瀬戸口修氏が考える「ブランディング」とは?

ブランディングとは、一口に言えば、コミットメントと差別化であると考えます。また、ブランディングを推進するためには、論理的、戦略的、体系的に考えるのは必須のことですが、論理的に考え抜いたその先に、理屈を超えた共感の獲得が必要であると考えます。その1 つの手段が広告であり、私は長年、広告を定量的に評価し、論理的・科学的にアプローチすることを心がけてきましたが、その一方で広告には“共感”を作り出す力があると確信しており、広告がつくる共感には多くの可能性と価値があると考えます。

参加者からの質疑応答

 講演の後、質疑応答に移り、参加者から「企業理念とパーパスの関係」「ブランディングとマーケティングのすみわけ」「個人評価への落とし込み」や「社員参画へのエリアごとの温度差」などについて質問がありました。それに対して、「横河電機はなぜ存在するのか」を明確にした上で、「企業理念」「パーパス」「共有する価値観」の体系図を作り、それぞれの役割を明確にしていることを説明。また、パーパスを個人の目標へと落とし込み、目標達成の結果で個人評価していると答えていました。
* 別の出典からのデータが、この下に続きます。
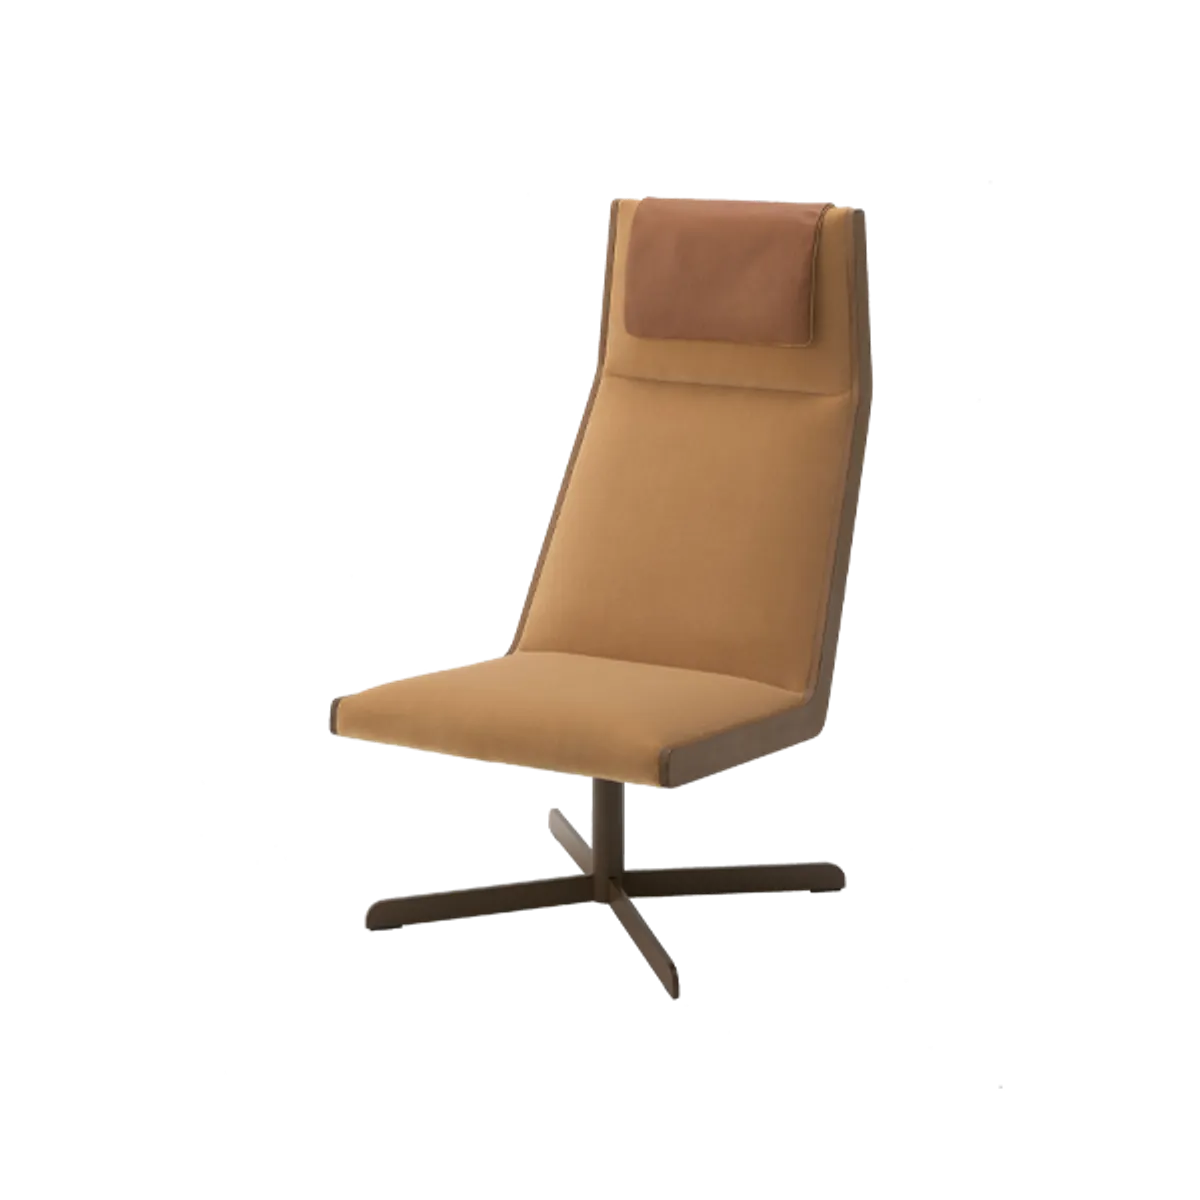 Stilo High Back Swivel Chair Retro Furniture Inside Out Contracts

グローバルにみると、社員参画には地域ごとに温度差はあるものの、「社会貢献への意識」はいずれの地域でも高く、同じ方向性に向けていくことができたとのこと。
 また、BtoBにおけるマス広告の役割についての質問には、「マス広告」というより「ターゲット」を明確にして広告を展開しており、企業の認知度向上や事業内容の広告も同じ考えの上で、従来のマス広告とは違う一人ひとりのターゲットを意識した「マス広告」と考えているとお答えいただきました。